The Dutch Collective Settlement Act requires that claimants' interests be represented through a Dutch foundation or association and the Dutch Court of Appeal will only declare a settlement binding if, among other things, the amount of the settlement is reasonable and foundation members are sufficiently representative of all participating investors. On February 18, 2009, the Stichting Converium Securities Compensation Foundation (the "Foundation") was incorporated to represent the interests of all legal and natural persons who, during the period from January 7, 2002 through September 2, 2004, purchased Converium common stock on a non-U.S. stock exchange and were not residents of the United States at the time of purchase. The Foundation is governed by a Board of Directors, each of whom is independent of Converium and ZFS. Pursuant to its articles of association, the Foundation is structured to include a number of participating parties, which signed agreements to become registered participants of the Foundation.

Because the Netherlands is the only European country with such a collective settlement procedure it has become an attractive venue for settling international mass claims, irrespective of whether any litigation has taken place in the Netherlands. The approach taken in the Netherlands is important for all investors. This was underscored by the U.S. Supreme Court’s recent decision in Morrison v. National Australia Bank, which denied investors (including U.S. investors) the right to bring their claims before U.S. courts for shares not purchased on a U.S. exchange. Thus, when U.S. courts will not hear their claims, European (and American) investors will more readily look to resolve them in European courts. The Dutch Collective Settlement Act, and the Court of Appeal's recent ruling in the Converium case, will make it easier for them to do so. The Court of Appeal noted the significance of its judgment in creating an alternative venue to declare international collective settlements in mass claims binding on all class members. The Court explicitly referred to the limitations for the U.S. courts to do so in securities cases as a result of the U.S. Supreme Court's decision in Morrison v. National Australia Bank.

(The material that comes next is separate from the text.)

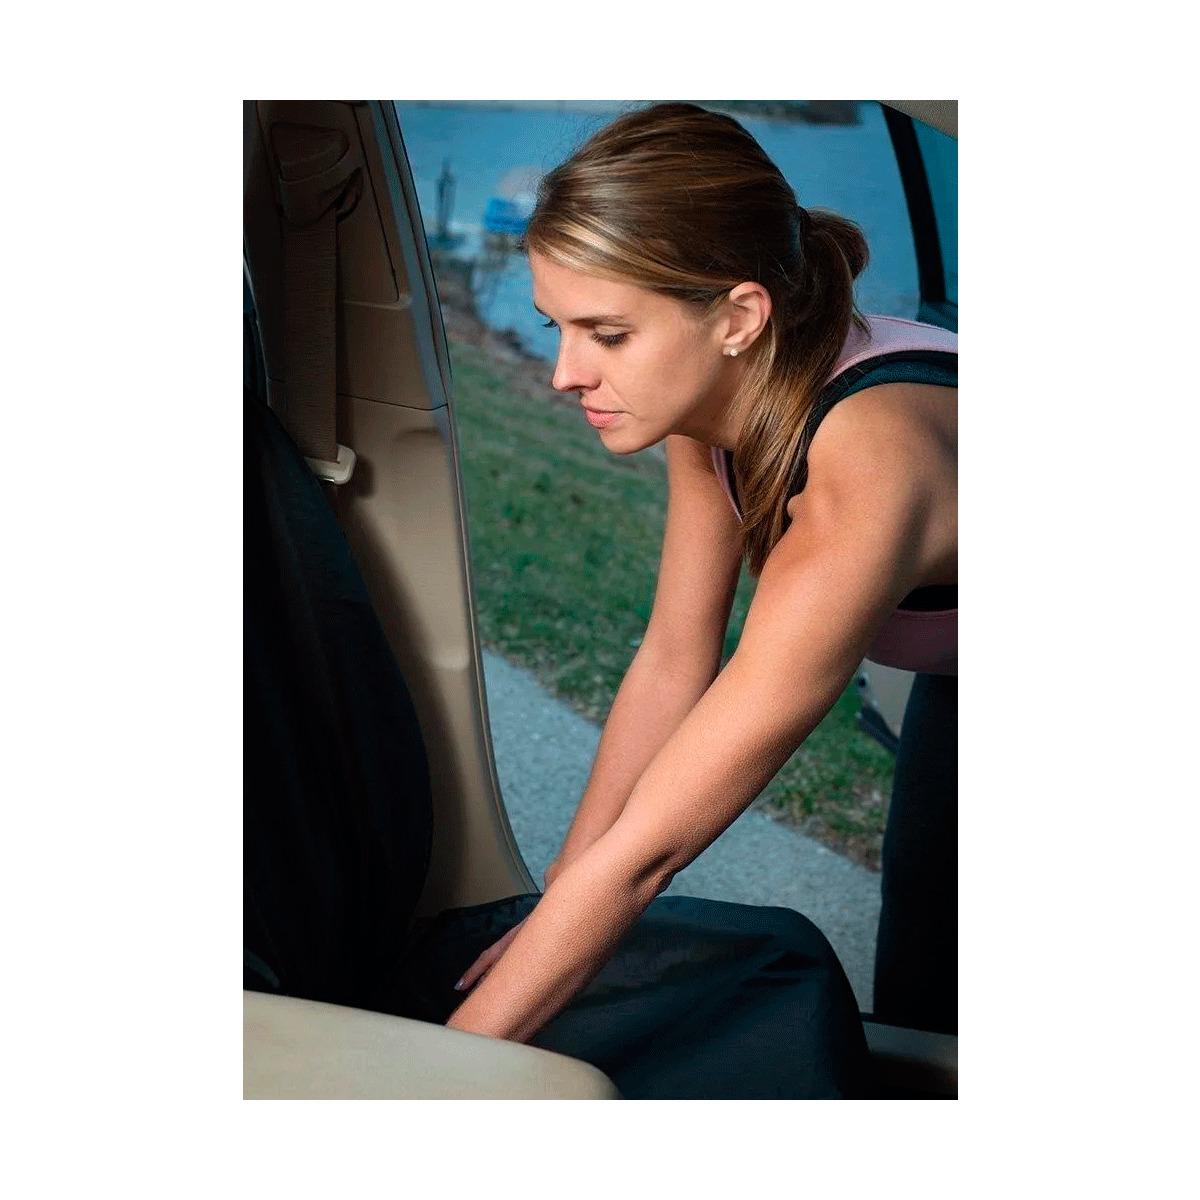 Tapete Em Vinil Volkswagen Saveiro G6 Simples + Capa Banco Protecao Banco Areia Suor Academia

Details and relevant documents pertaining to the settlement are available at www.converiumsettlements.com.

Background of the Case

The case began in October 2004 when investors sued two Switzerland-based companies -- Converium Holdings AG ("Converium") and Zurich Financial Services ("ZFS") in the U.S. for securities fraud violations. (Converium was acquired in 2007 by the French company SCOR and is now known as SCOR Holding (Switzerland) AG.). SRKW's client, a large European institutional investor, and the other co-lead plaintiff, alleged that when ZFS spun off Converium in an initial public offering, Converium's earnings were materially overstated because they concealed a massive deficiency in its North American loss reserves. (Converium was a major multi-line re-insurance company.) This caused Converium's stock price to be artificially inflated from December 11, 2001 through September 2, 2004. Ultimately, in September 2004, Converium increased its loss reserves by $562 million, reported a loss for 2004 of $761 million and announced that it would place its troubled North American operations into "run-off" and would no longer write reinsurance policies out of its U.S. offices. This caused Converium's stock price to drop sharply, resulting in large losses to investors.

Settlements on Two Continents

The action was originally brought on behalf of all investors who purchased Converium common stock on the SWX Swiss Exchange and American Depositary Shares in New York. However, on March 6, 2008, the U.S. federal court certified a class that excluded all non-U.S. purchasers who bought their shares on the SWX Swiss Exchange, concluding that there was insufficient evidence of subject matter jurisdiction over their claims. Converium and ZFS ultimately agreed to settle investors' claims for a total of $143 million. Because of the U.S. court's decision, this settlement was split between those who purchased Converium shares in the U.S. and those who purchased them on the SWX Swiss Exchange. The U.S. federal judge presided over the former and the Amsterdam Court of Appeal is currently presiding over latter.